102021 In some embodiments, the methods use an IL-2 conjugate comprising the amino acid sequence of SEQ ID NO: 3 in which at least one amino acid residue in the IL-2 conjugate is replaced by the structure of Formula (XII) or Formula (XIII), or a mixture of Formula (XII) and Formula (XIII), wherein the amino acid residue in SEQ ID NO: 3 that is replaced is selected from F41, F43, K42, E61, and P64, and wherein n is an integer from about 450 to about 800, or from about 454 to about 796, or from about 454 to about 682, or from about 568 to about 909. In some embodiments, n in the compounds of Formula (XII) and Formula (XIII) is an integer selected from 454, 455, 568, 569, 680, 681, 682, 794, 795, 796, 908, 909, 910, 1021, 1022, 1023, 1135, 1136, 1137, and 1249.
[0203] In some embodiments, the methods use an IL-2 conjugate comprising the amino acid sequence of SEQ ID NO: 3 in which at least one amino acid residue in the IL-2 conjugate is replaced by the structure of Formula (XII) or Formula (X110, or a mixture of Formula (XII) and Formula (XIII), wherein the amino acid residue in SEQ ID NO: 3 that is replaced is selected from E61 and P64, and wherein n is an integer from about 450 to about 800, or from about 454 to about 796, or from about 454 to about 682, or from about 568 to about 909. In some embodiments, n in the compounds of Formula (XII) and Formula (XIII) is an integer selected from 454, 455, 568, 569, 680, 681, 682, 794, 795, 796, 908, 909, and 910.
[0204] In some embodiments, the methods use an IL-2 conjugate comprising the amino acid sequence of SEQ ID NO: 3 in which at least one amino acid residue in the IL-2 conjugate is replaced by the structure of Formula (XII) or Formula (XIII), or a mixture of Formula (XII) and Formula (XIII), wherein the amino acid residue in SEQ ID NO: 3 that is replaced is E61, and wherein n is an integer from about 450 to about 800, or from about 454 to about 796, or from about 454 to about 682, or from about 568 to about 909. In some embodiments, n in the compounds of Formula (XII) and Formula (XIII) is an integer selected from 454, 455, 568, 569, 680, 681, 682, 794, 795, 796, 908, 909, and 910. In some embodiments, n is from about 500 to about 1000. In some embodiments, n is from about 550 to about 800. In some embodiments, n is about 681.

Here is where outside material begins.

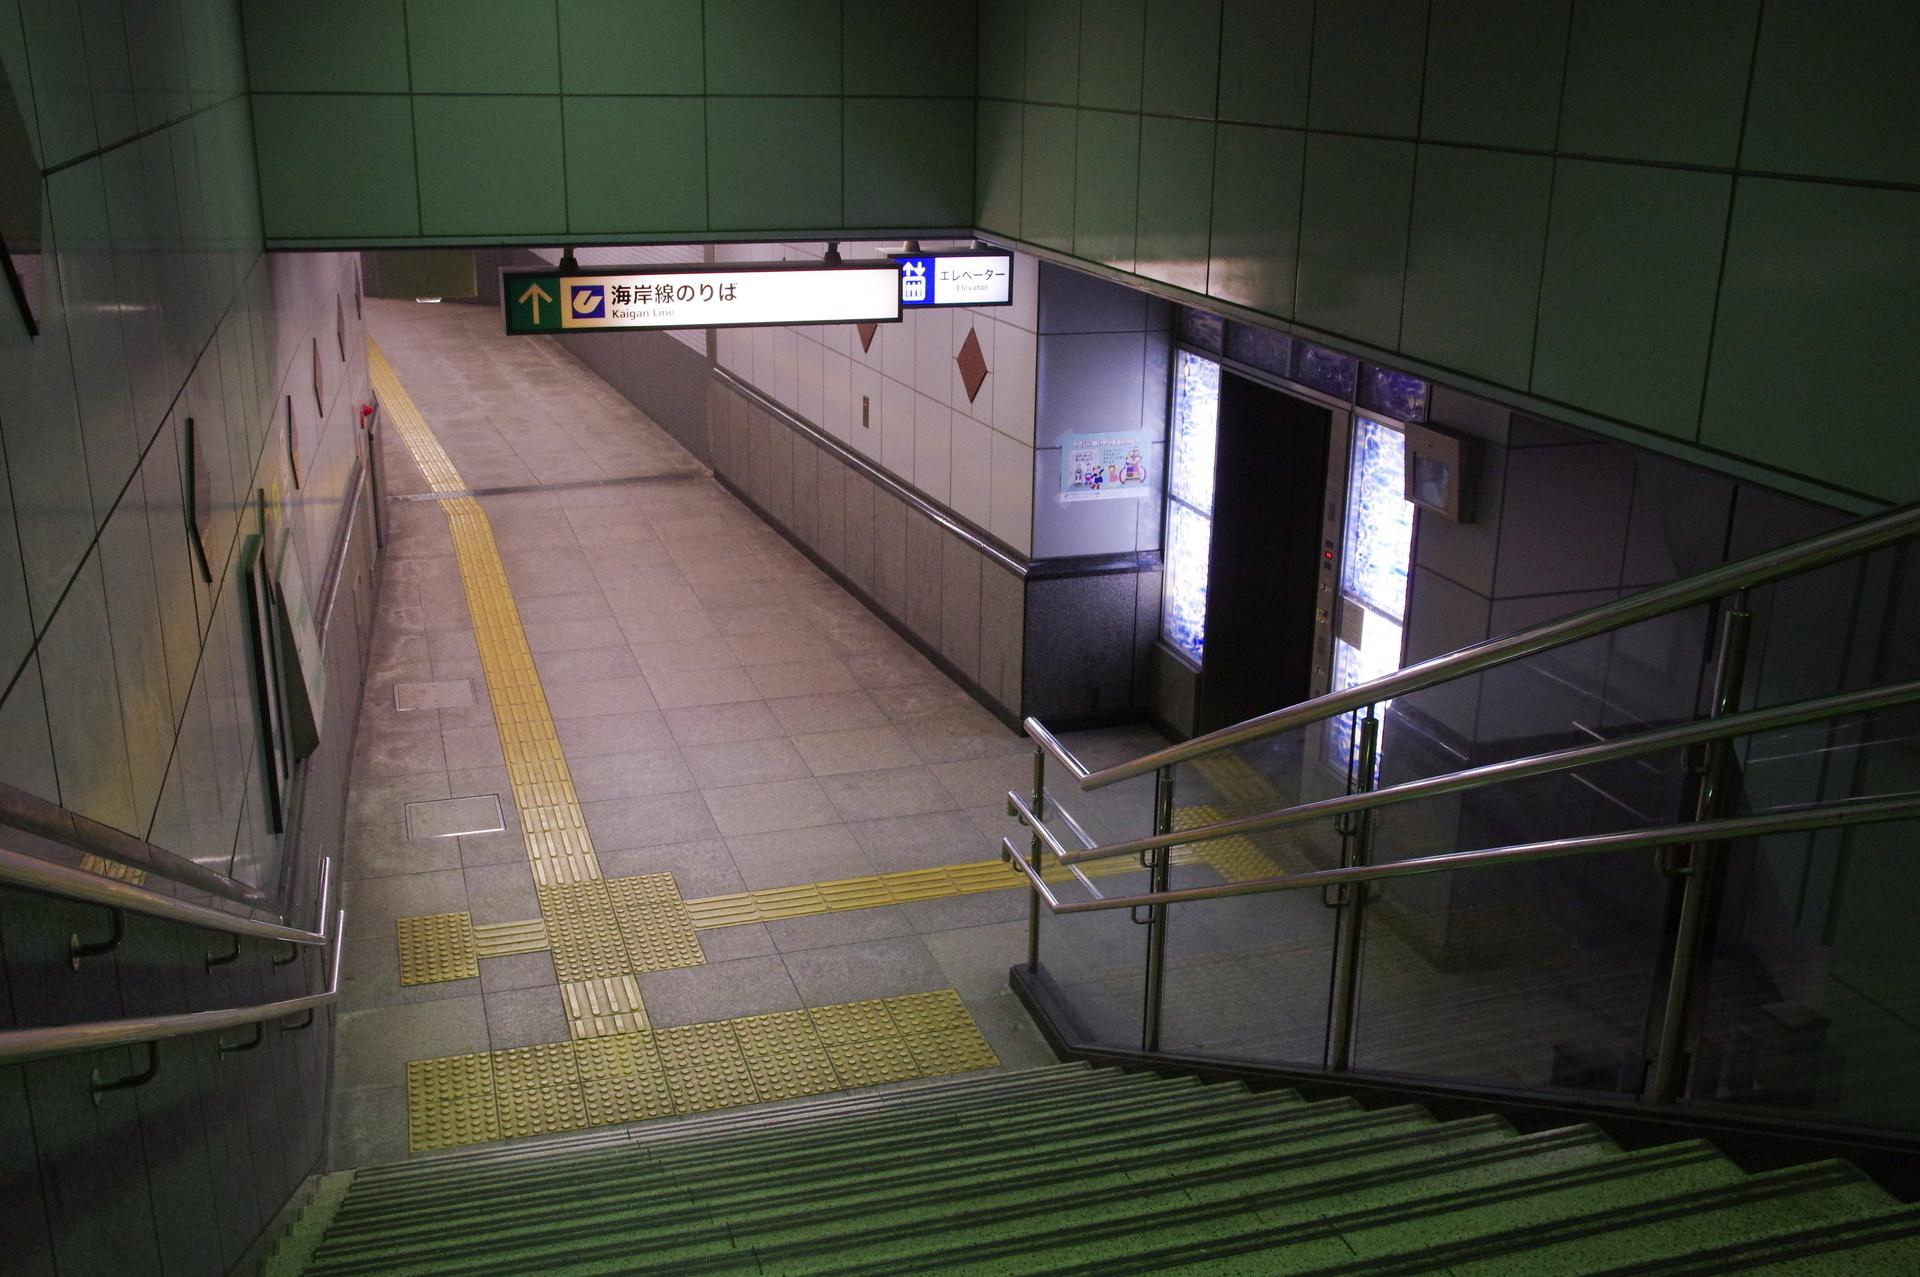 2番出口の階段付近

[0205] In some embodiments, the methods use an IL-2 conjugate comprising the amino acid sequence of SEQ ID NO: 3 in which at least one amino acid residue in the IL-2 conjugate is replaced by the structure of Formula (XII) or Formula (XIII), or a mixture of Formula (XII) and Formula (XIII), wherein the amino acid residue in SEQ ID NO: 3 that is replaced is P64, and wherein n is an integer from about 450 to about 800, or from about 454 to about 796, or from about 454 to about 682, or from about 568 to about 909. In some embodiments, n in the compounds of Formula (XII) and Formula (XIII) is an integer selected from 454, 455, 568, 569, 680, 681, 682, 794, 795, 796, 908, 909, and 910. In some embodiments, n is from about 500 to about 1000. In some embodiments, n is from about 550 to about 800. In some embodiments, n is about 681.

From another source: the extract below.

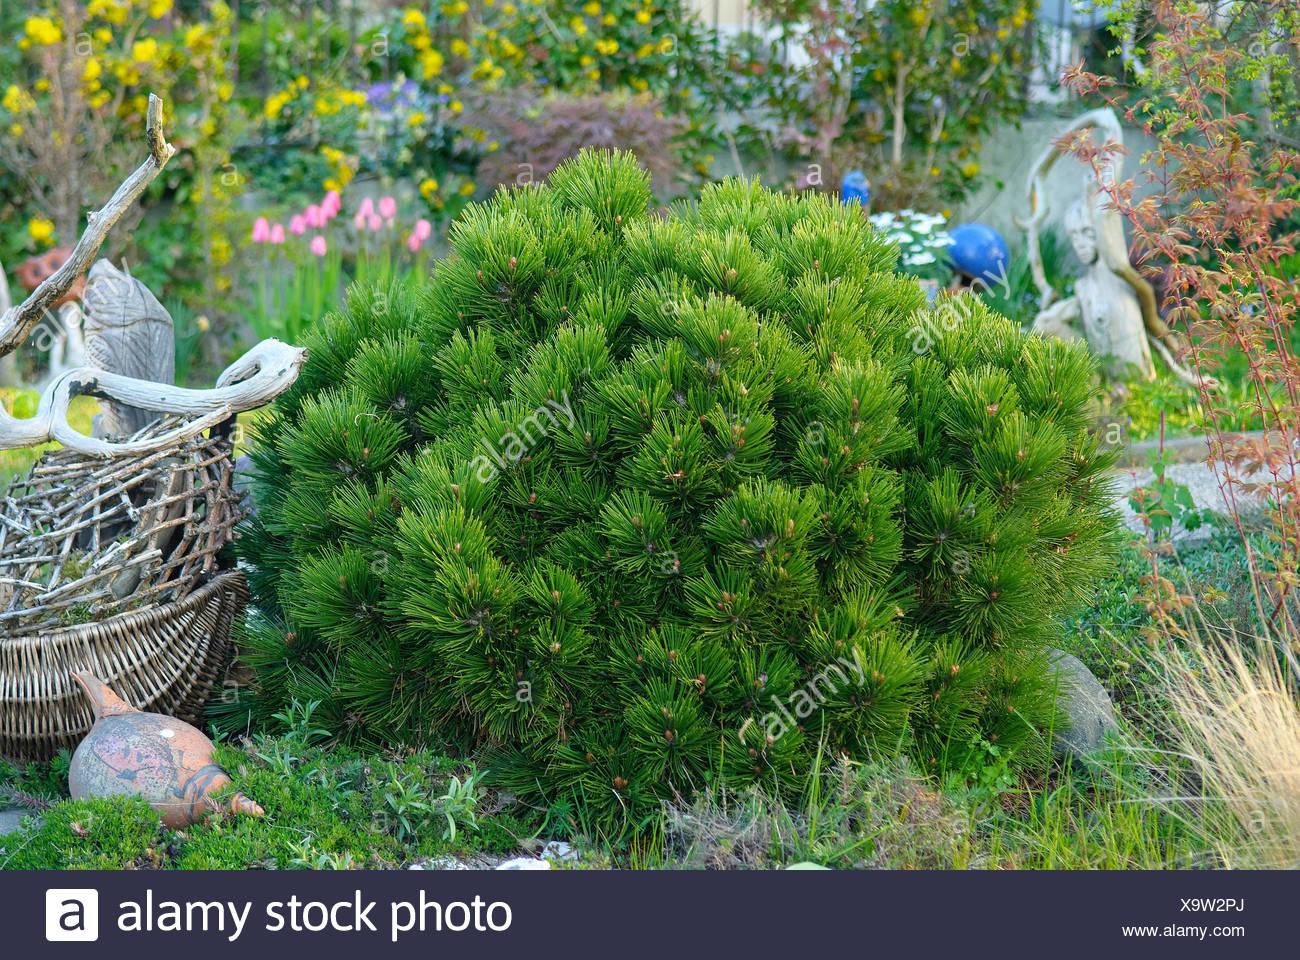 Bosnian Pine, Palebark Pine (Pinus heldreichii 'Smidtii', Pinus heldreichii Smidtii), cultivar Smidtii - Stock Image

[0206] In some embodiments, n in the structures of Formula (XII) or Formula (XIII), or a mixture of Formula (XII) and Formula (XIII), is an integer such that the molecular weight of the PEG
moiety is in the range from about 1,000 Daltons about 200,000 Daltons, or from about 2,000 Daltons to about 150,000 Daltons, or from about 3,000 Daltons to about 125,000 Daltons, or from about 4,000 Daltons to about 100,000 Daltons, or from about 5,000 Daltons to about 100,000 Daltons, or from about 6,000 Daltons to about 90,000 Daltons, or from about 7,000 Daltons to about 80,000 Daltons, or from about 8,000 Daltons to about 70,000 Daltons, or from about 5,000 Daltons to about 70,000 Daltons, or from about 5,000 Daltons to about 65,000 Daltons, or from about 5,000 Daltons to about 60,000 Daltons, or from about 5,000 Daltons to about 50,000 Daltons, or from about 6,000 Daltons to about 50,000 Daltons, or from about 7,000 Daltons to about 50,000 Daltons, or from about 7,000 Daltons to about 45,000 Daltons, or from about 7,000 Daltons to about 40,000 Daltons, or from about 8,000 Daltons to about 40,000 Daltons, or from about 8,500 Daltons to about 40,000 Daltons, or from about 8,500 Daltons to about 35,000 Daltons, or from about 9,000 Daltons to about 50,000 Daltons, or from about 9,000 Daltons to about 45,000 Daltons, or from about 9,000 Daltons to about 40,000 Daltons, or from about 9,000 Daltons to about 35,000 Daltons, or from about 9,000 Daltons to about 30,000 Daltons, or from about 9,500 Daltons to about 35,000 Daltons, or from about 9,500 Daltons to about 30,000 Daltons, or from about 10,000 Daltons to about 50,000 Daltons, or from about 10,000 Daltons to about 45,000 Daltons, or from about 10,000 Daltons to about 40,000 Daltons, or from about 10,000 Daltons to about 35,000 Daltons, or from about 10,000 Daltons to about 30,000 Daltons, or from about 15,000 Daltons to about 50,000 Daltons, or from about 15,000 Daltons to about 45,000 Daltons, or from about 15,000 Daltons to about 40,000 Daltons, or from about 15,000 Daltons to about 35,000 Daltons, or from about 15,000 Daltons to about 30,000 Daltons, or from about 20,000 Daltons to about 50,000 Daltons, or from about 20,000 Daltons to about 45,000 Daltons, or from about 20,000 Daltons to about 40,000 Daltons, or from about 20,000 Daltons to about 35,000 Daltons, or from about 20,000 Daltons to about 30,000 Daltons.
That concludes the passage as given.